Tools count against the window too, descriptions included. Don't bloat the agent. Tools should be short, descriptive, focused, and they should never be confusing or overlapping. When the tool set grows past that, split it. Expose a sub-agent as a single tool with its own tools underneath, or fall back to the workflow approach with a router and a separate LLM call.

The message history is the tricky one, because it hides during development. You test with short, isolated exchanges and everything passes. Users go deeper, and then they complain that on turn 10 the assistant completely forgot what you were talking about and stopped following instructions. Keep an eye on the history at all times. Prune earlier messages, or take the first 20, summarize them, and put the summary back into the conversation.

Engineer the history with a state machine

Context engineering doesn't have to be linear, where you watch one growing message history and prune or summarize it whenever it bloats. For flows with phases, a state machine works better. Track where the user is in a database, and give each state its own system prompt, or at least its own section within it.

The signal that you need this is a prompt that captures an entire assessment in one block, with instructions like first complete this phase, and once it is done move to that phase. Break it up. Store the state, and on every incoming message pull the right context from the database into memory at runtime. You can rebuild the message history strategically, drop it entirely, or inject specific messages at specific points in the conversation. It depends on the problem you are solving and the application you are building, and that is what makes context engineering creative work.

The bar is turn 20, not turn one

The hardest part of all of this is that context problems stay hidden during development, because context only builds up as people interact with the system. Engineers are used to writing a feature, writing a unit test, and watching it pass. AI systems need more than that. The system doesn't need to pass once or twice; it needs to pass on turn 10 and on turn 20. That is where all the complexity lives.

So treat context as the scarce resource it is, read your traces, and assume the model is fine until the trace proves otherwise. Context engineering is one layer of building production AI systems; the rest of the stack matters just as much.
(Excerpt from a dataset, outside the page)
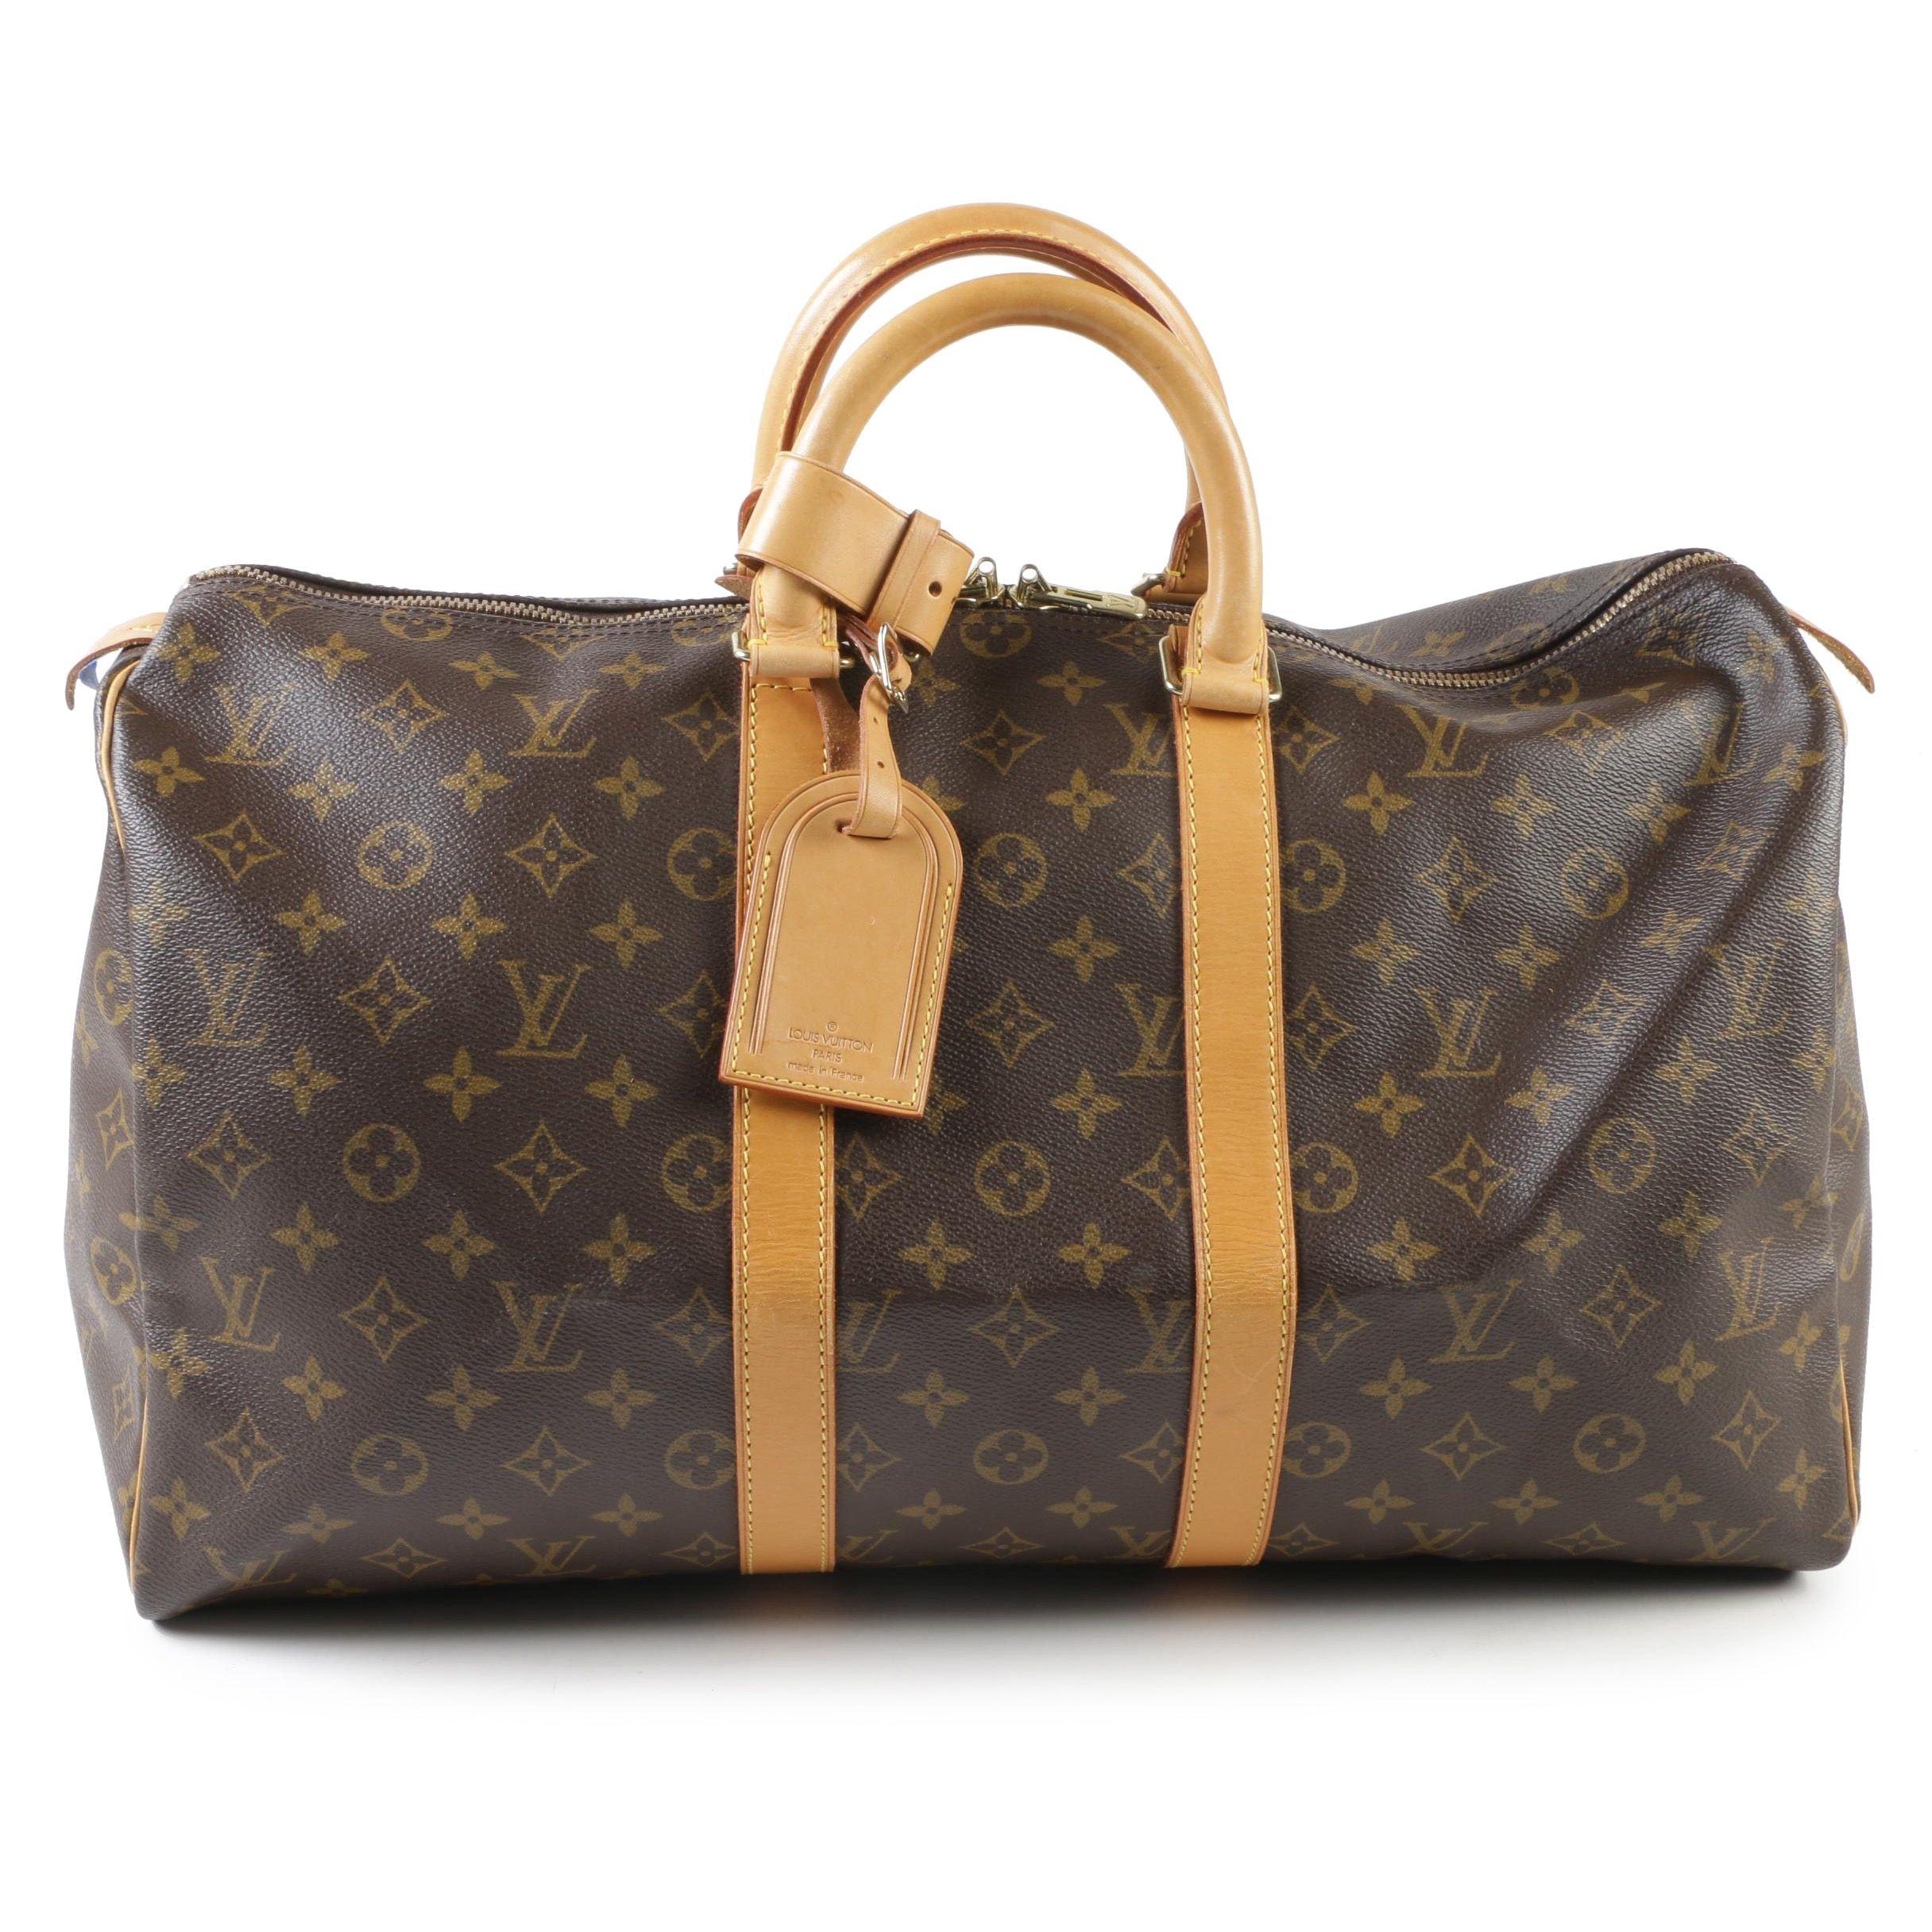 Louis Vuitton Paris Monogram Canvas Keepall 45 Duffel Bag, Made in France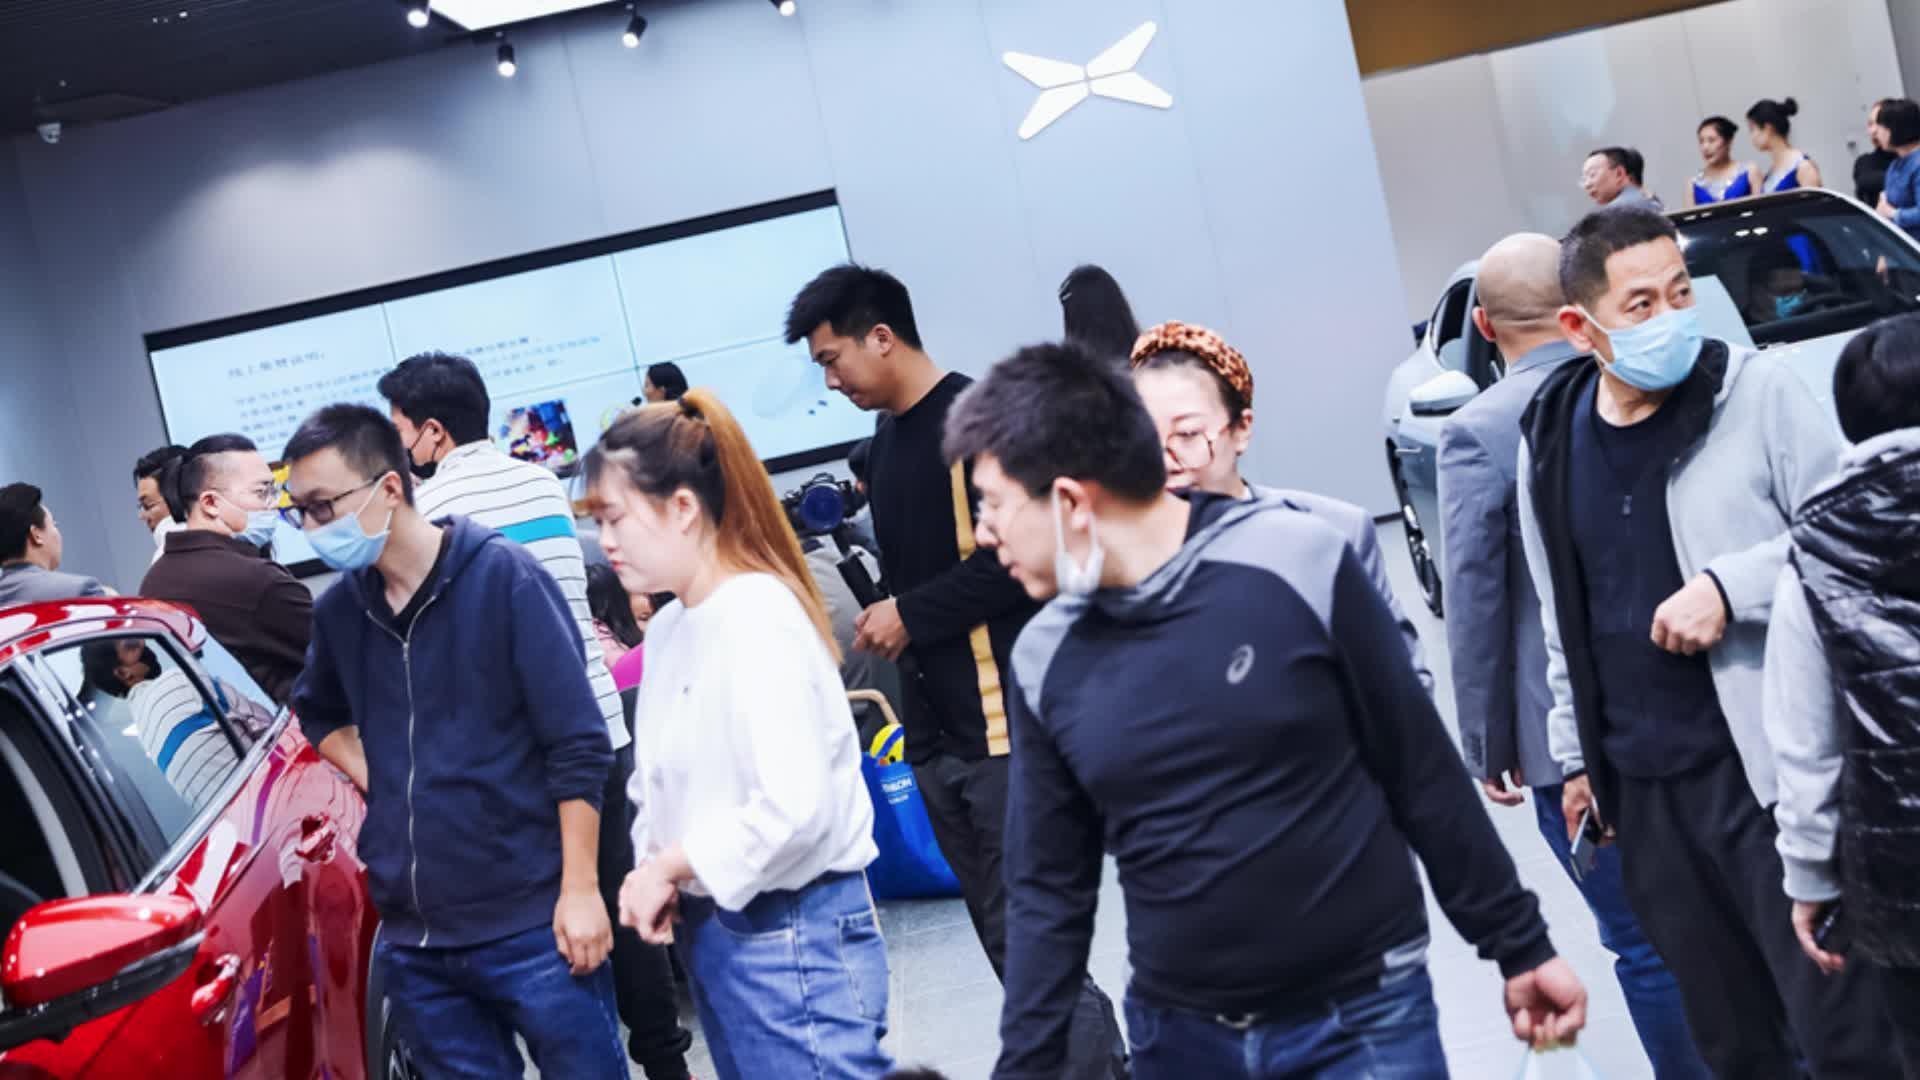 小鹏汽车5城7店联合开业,与鹏友一起欢迎更多鹏友

For the full walkthrough with the visuals from Anthropic's post, watch the video, Effective context engineering for AI agents.

FAQ

What is context engineering?

Context engineering is the set of strategies for curating and maintaining the optimal set of tokens an LLM sees during inference. That covers the system prompt, tool descriptions, tool outputs, retrieved documents, memory, and message history. The goal is the smallest set of high-signal tokens that maximizes the likelihood of the outcome you want.

How is context engineering different from prompt engineering?

Context engineering is the natural progression of prompt engineering. Prompt engineering focuses on writing effective instructions, mostly the system prompt. Context engineering extends the problem to everything else that lands in the model's window while an agent runs, including tool outputs and conversation history that accumulate across iterations.

Why do AI agents fail in production?

Most fail because they reason over bad context. That means too much information, too little, contradicting instructions, or outdated data. The model is rarely the bottleneck, especially with recent models. Reading the full trace of a failing conversation almost always shows where the context stopped making sense.

How do I stop an agent from forgetting instructions in long conversations?

Manage the message history. Prune earlier messages, or summarize the first 20 turns and inject the summary back into the conversation. For multi-phase flows, store conversation state in a database and swap in the system prompt for the current phase instead of carrying everything forward.

Should I build an agent or a workflow?

For most business process automation, a workflow. Routing and prompt chaining with LLM calls inside a structure you control is more reliable when no human is watching. Save real agents, an LLM using tools in a loop, for chat-style applications where the user can course correct.